While Galinha et al. [29] noted an absence of association between relational satisfaction and secure attachment, in the meta-analysis performed by Acevedo and Aron [7] it was recorded that the style is moderately correlated with relational satisfaction, mostly in long-term relationships rather than short-term relationships. It also appears to be a common style in long-term relationships, and when the relationships end, jealousy seems to be the main motivation [39]. On the other hand, Smith and Klases [26] observed how the longer the relationship, the more unlikely it is that partners show such friendly attitude in love.

Pragma love style and its relational correlates

Typical of people who express a pragmatic and rational attitude towards love, and for this reason tend to choose the partner based upon the characteristics they believe are important to them [39], Pragma appears to be linked to stable relationships [40], partially to the quality of married life [28], and to satisfaction in the relationship by adults and older adults [41]. It also contributes to the subjective well-being of people [29]. In conflict situations, pragmatic people generally utilize strategies such as compromise and avoidance [25], and when they suffer emotional infidelity by their partner, they do not have strong reactions [36]. Partners with this style do not appear to build an “anxious”, fearful attachment style―distinguished by a negative perception of one’s self and others, according to the typology identified by Bartholomew and Horowitz [27] ―but instead show uncertainty and fluctuations in the formation of an emotional attachment [42]. Galinha et al. [29] have not recorded any influence of this love style on secure attachment and on perception of the relational satisfaction of the partner.

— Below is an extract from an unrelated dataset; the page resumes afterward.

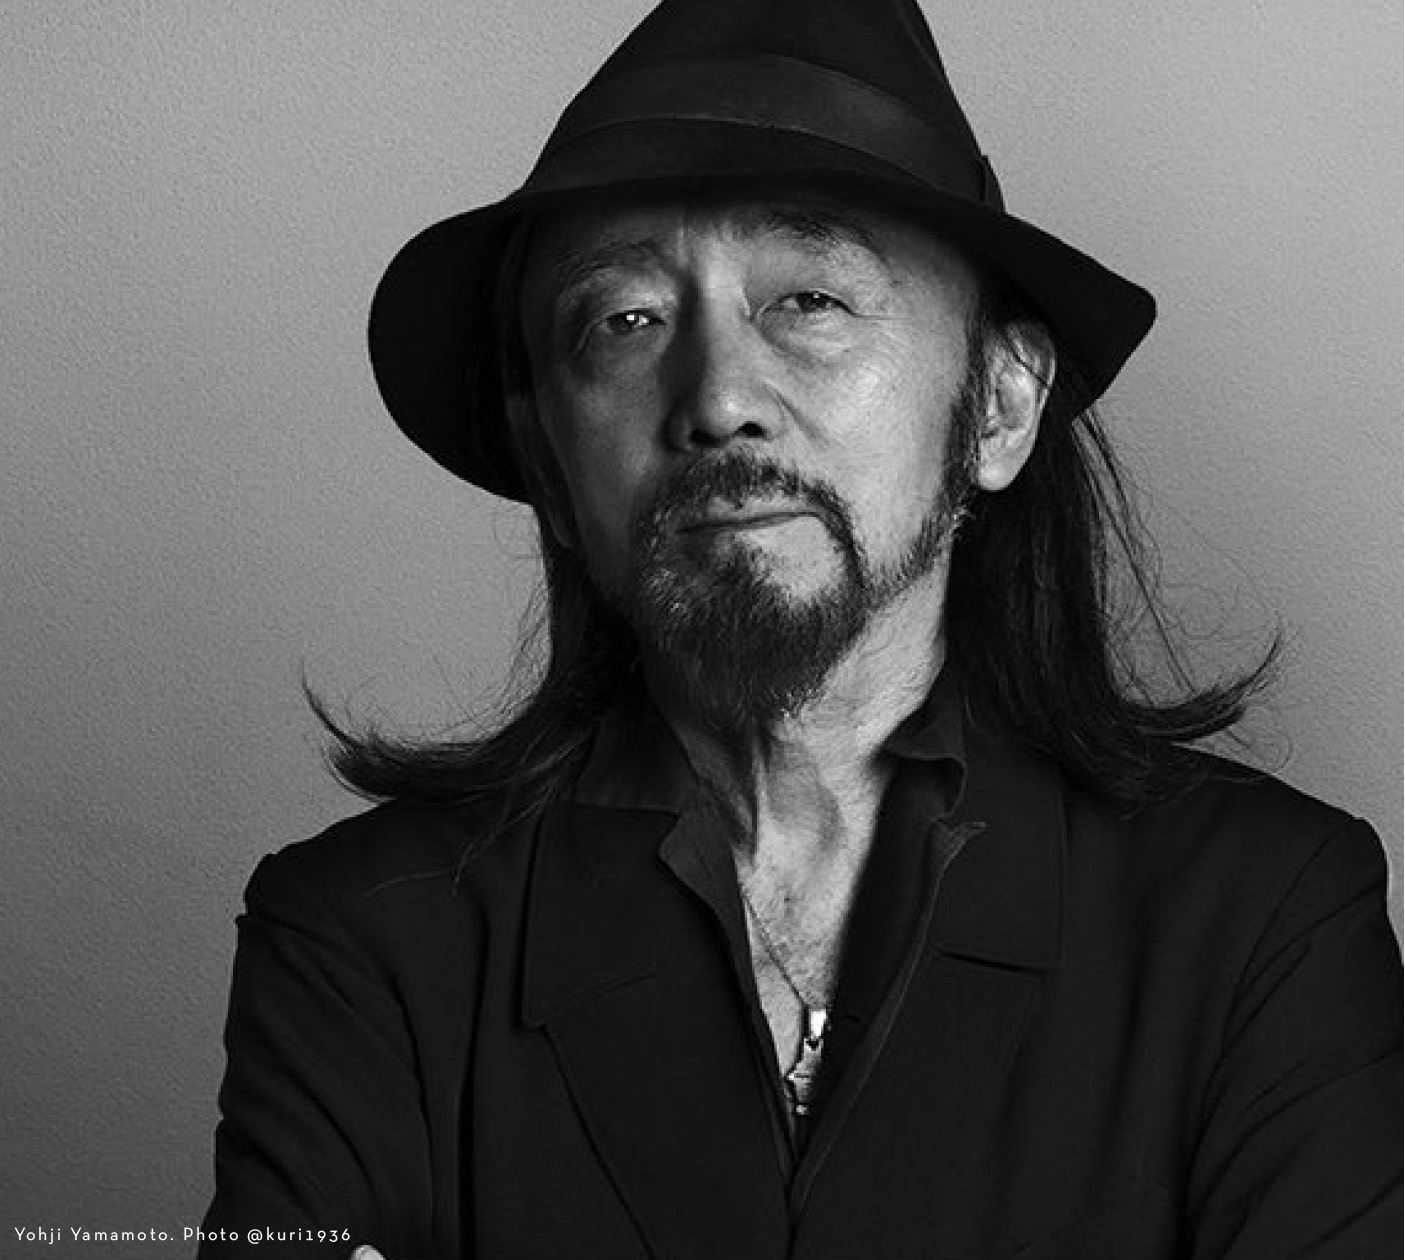 Uniform Dresser - Yohji Yamamoto

Mania love style and its relational correlates

Mania is the expression of a manic attitude towards love, implying possessive and obsessive behaviours: it is considered the purest form of romantic obsession [7] [9]. It is perhaps due to such characteristic that it is considered and consolidated as an important risk factor in quality of married life. Despite it involves people that tend to commit to the relationship [20], such people do not appear to be able to build long-term relationships [26] or satisfying relationships [7], with a few exceptions. In fact, Neto & Pinto [41] recorded a correlation between love life satisfaction in manic male adults, but not females. Mania is a strong predictor of negative relational behaviour. It is correlated to jealousy [40] and exists in people expressing pathological jealousy [35] and pathological love [34] [35], and that tend to manifest jealousy-evoking behaviour in the partner, even when they are shown affection by the latter [44]. Partners adopting a manic love style tend to express an excessive need to be reassured by the partner [44], emotional highs and lows in the ability to be close to him/her [42], an anxious-ambivalent attachment style [37], and preoccupation for the relation and its termination [39]. On the other hand, Smith and Klases [26] recorded an inverse proportionality with the anxious component of attachment. Manic people tend to exercise negative relational behaviour to keep the relationship alive, such as destructive conflict, infidelity, allowing control and spying [32]. In their cultural analysis, Galinha et al. [29] revealed how Mania is inversely proportional to secure attachment in their Mozambican sample, but not in the American or Portuguese participants.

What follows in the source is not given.